Earlier this week, Governor Mike DeWine announced that Ohio retailers could reopen May 12 if they followed certain health restrictions, such as limiting capacity and requiring employees to wear masks.

Friday, DeWine said companies can immediately allow a few customers inside by appointment only or by offering curbside service, if possible.

Governor DeWine said he made the accommodation after receiving numerous requests from retailers across the state. He says his main concern is the safety of employees and customers.

“Masks are mandatory. I have my Browns bandana, kept it washed and rotated for six weeks,” said the owner.

The jewelry store, located on the fifth floor of an office building at East 9th and Euclid, has already started advertising appointments on its website.

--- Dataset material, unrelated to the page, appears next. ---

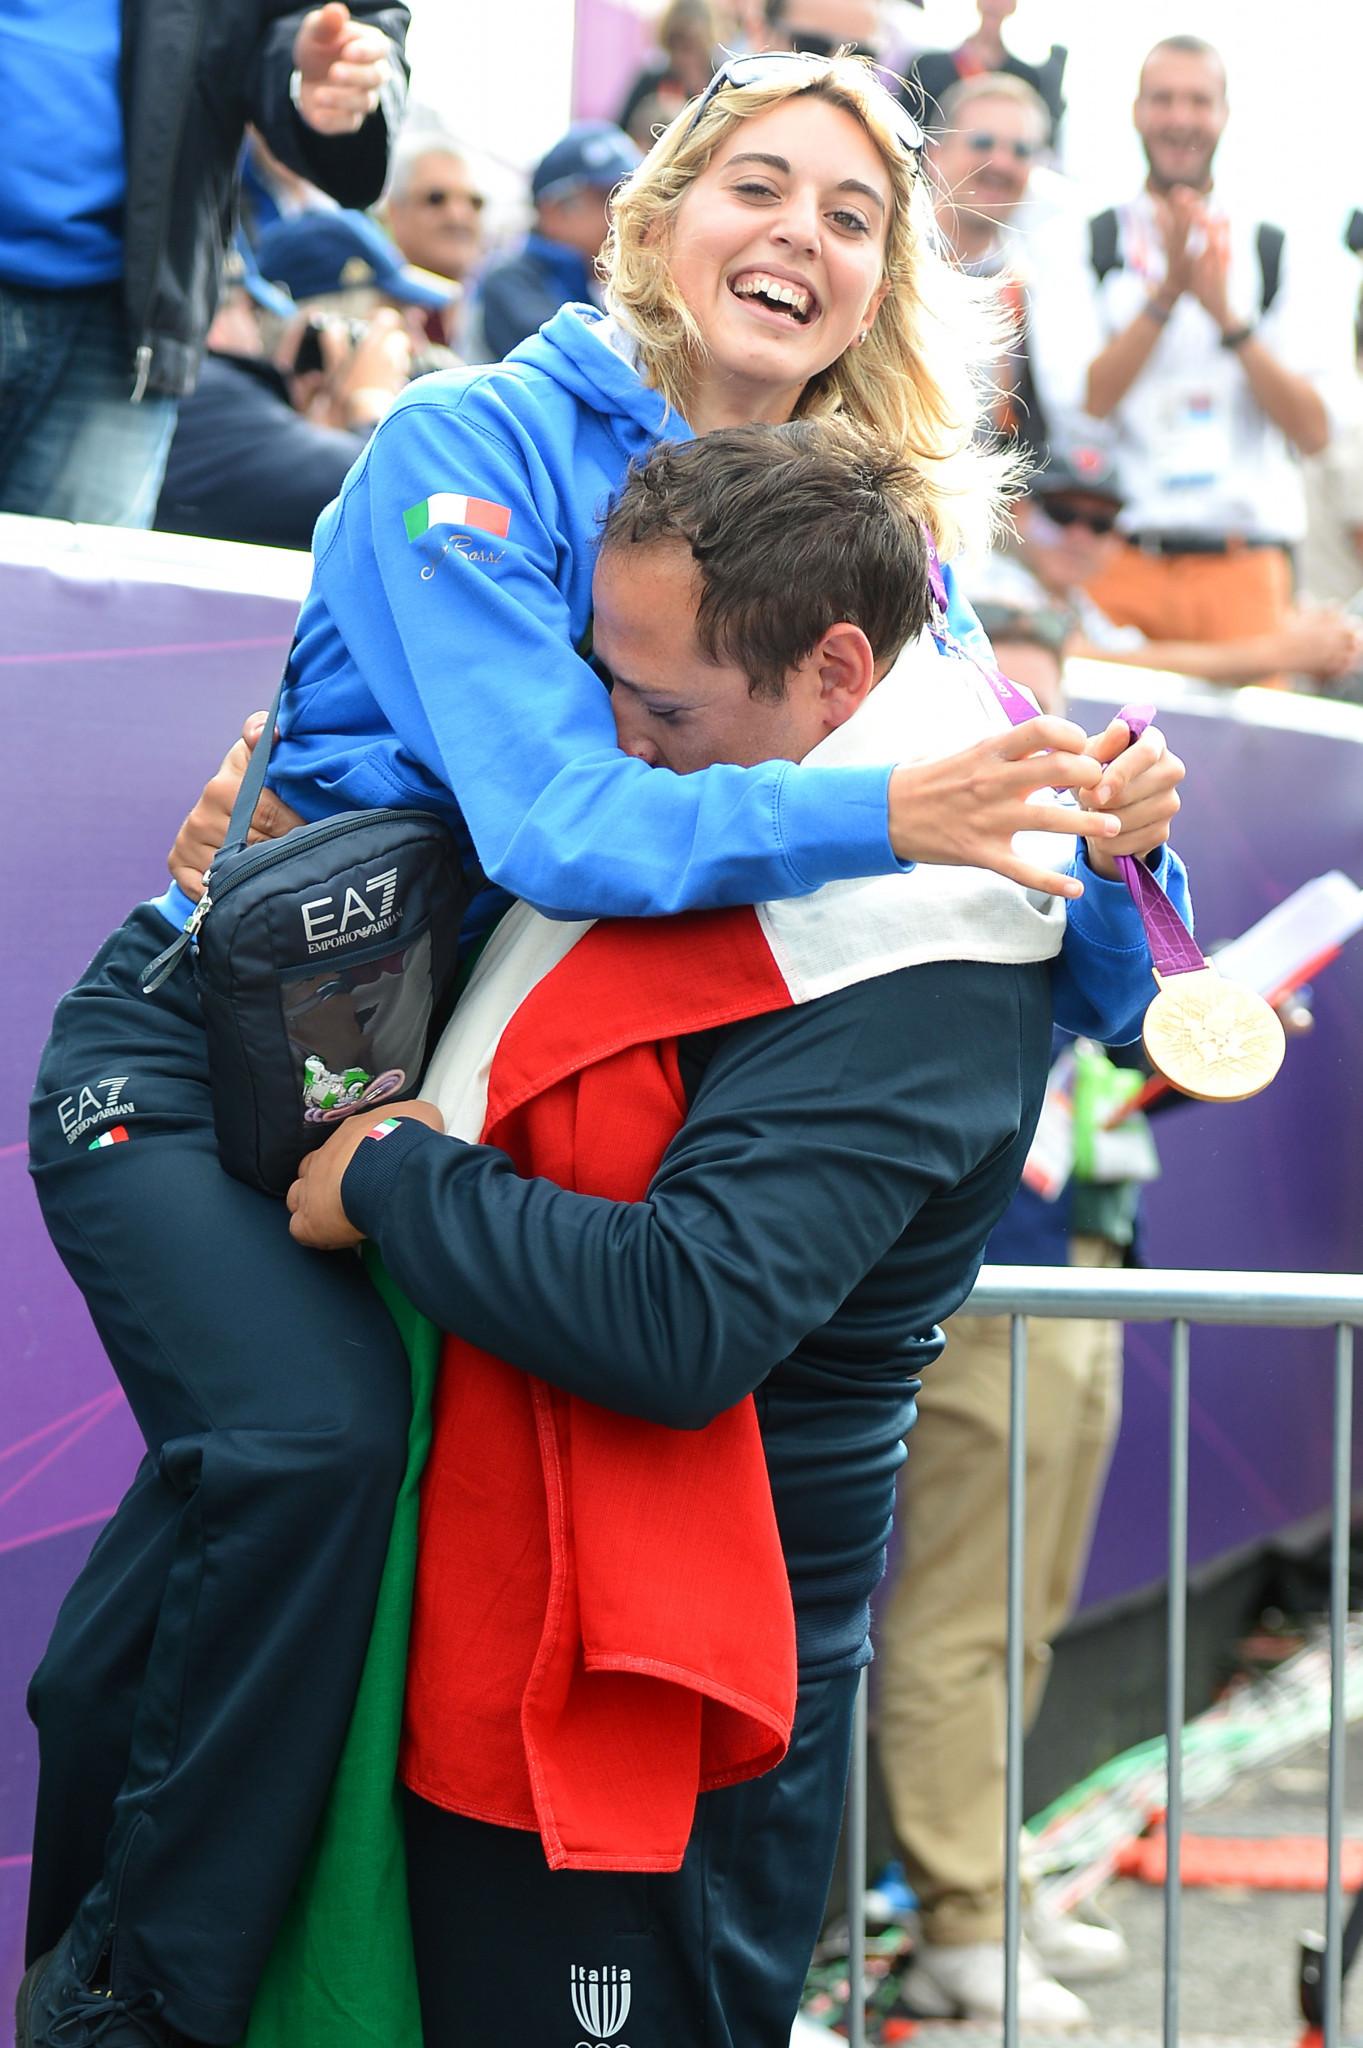 London 2012 Olympic champion Jessica Rossi took the win as Satu Makela-Nummela faltered ©Getty Images

“We would schedule no more than two per hour from 10:00 until 3:00. The building’s secure, the building’s locked, so they have to be, they have to enter via security, there’s no more than typically five to eight people with those appointments at any given time,” said Soukenik

He says he eager to restock the display cases and welcome customers back inside.

“We really want to keep safety first,” Soukenik said.